Why do people self-harm?
We stated at the start that physical self-harm is psychological. Teens express psychological suffering via self-harming. One could call self-harm a "non-verbal form of expression of suffering" (Zaragozano, 2017).

Up to 6 motivations could explain self-harm. We shall teach them using a clinical case.

Adolescents should seek help from family, friends, or someone meaningful. In self-harm, 21-year-old Andrea says, “if you go and leave me, I will hurt myself.”

As punishment. Andrea says, "I cut myself because I disgust myself, I cannot achieve good things in life, and I do not deserve my family." They treat me wonderfully! Look how I appreciate them for their help. As a terrible girl, I cut myself. Andrea's thoughts are very disordered and distressing.

To reduce psychological discomfort. The patient typically says, "Sometimes the only way to stop feeling so much anxiety is to hurt myself." So I can concentrate on the cut's pain rather than my anxiousness. The agony is more tangible.

Similar to parasuicidal behaviour. This behaviour does not promote suicide. Call it “a flirtation with actual suicidal behavior.” Andrea says, “I cut myself very close to the last scar. I always attempt to get deep but don't! I cannot commit suicide. Thus, despite agony, the person has reasons to live.

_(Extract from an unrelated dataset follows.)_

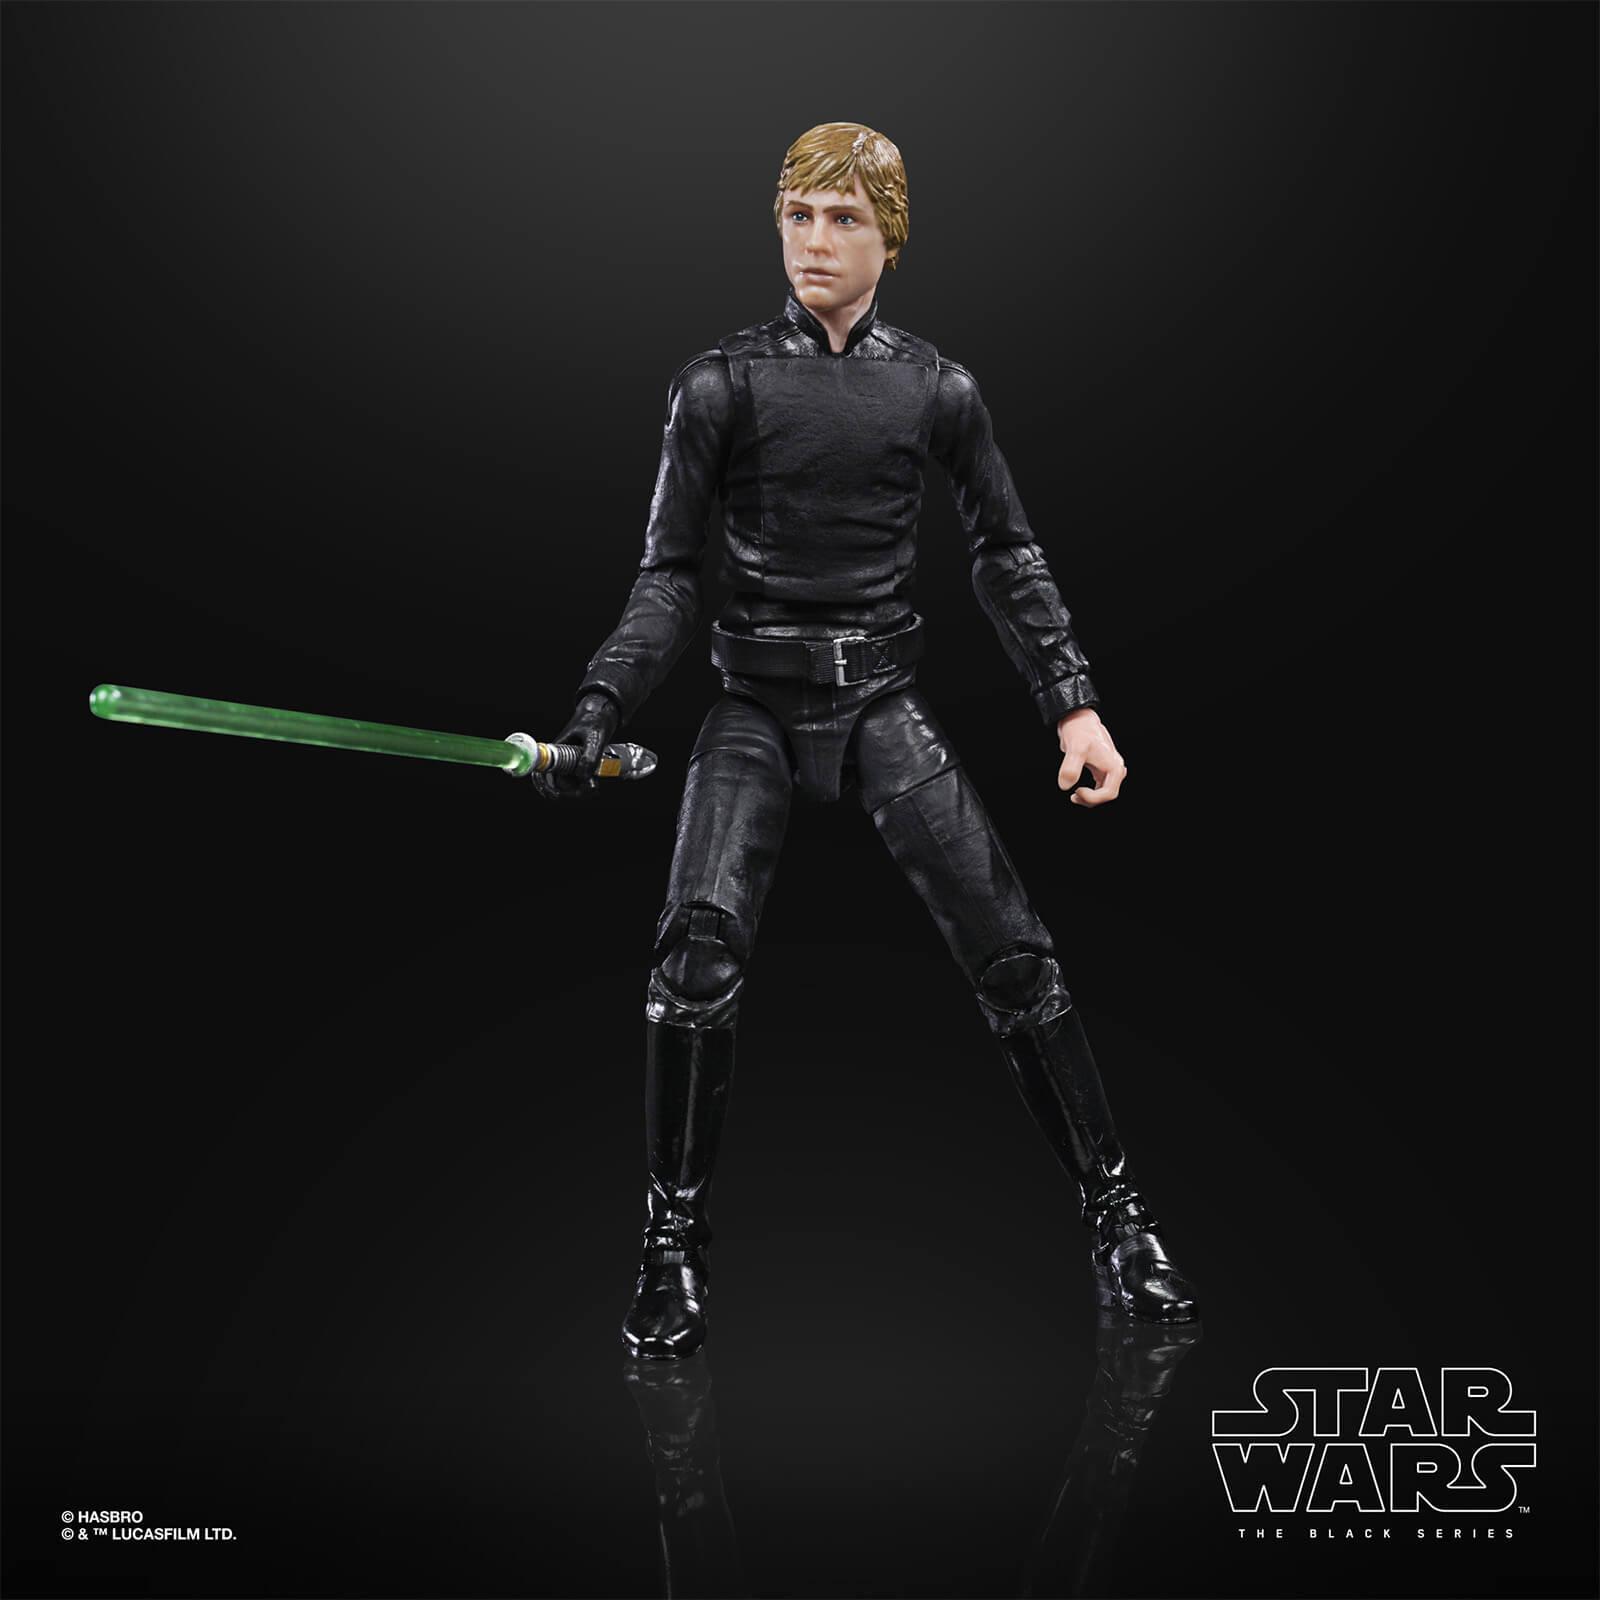 Star wars the black series luke skywalker endor 15cm5

They feel terribly “empty”. This mood is often associated with borderline disorder. Even excruciating self-harm would fill the void. Andrea says, “sometimes I feel so alone and empty that I hurt myself. I feel more alive. I feel more than emptiness.

Every self-harm is clinically significant. Thus, self-harming behaviours, regardless of reason, require calm and deliberate attention.

Teens generally struggle with conflict resolution, thus problem-solving programmes target that. Our teens learn to identify and characterise problems, generate solutions, implement them, and evaluate their impact.

This situation works well with cognitive behavioural therapy (CBT). It aims to change how adolescents view important events so they can be healthy and well-being-promoting.

Social skills training tries to transform teenagers' relationships. Effective and aggressive communication is the goal, not self-harm.

Family therapy may have great benefits. Its goal is to improve family communication to resolve issues.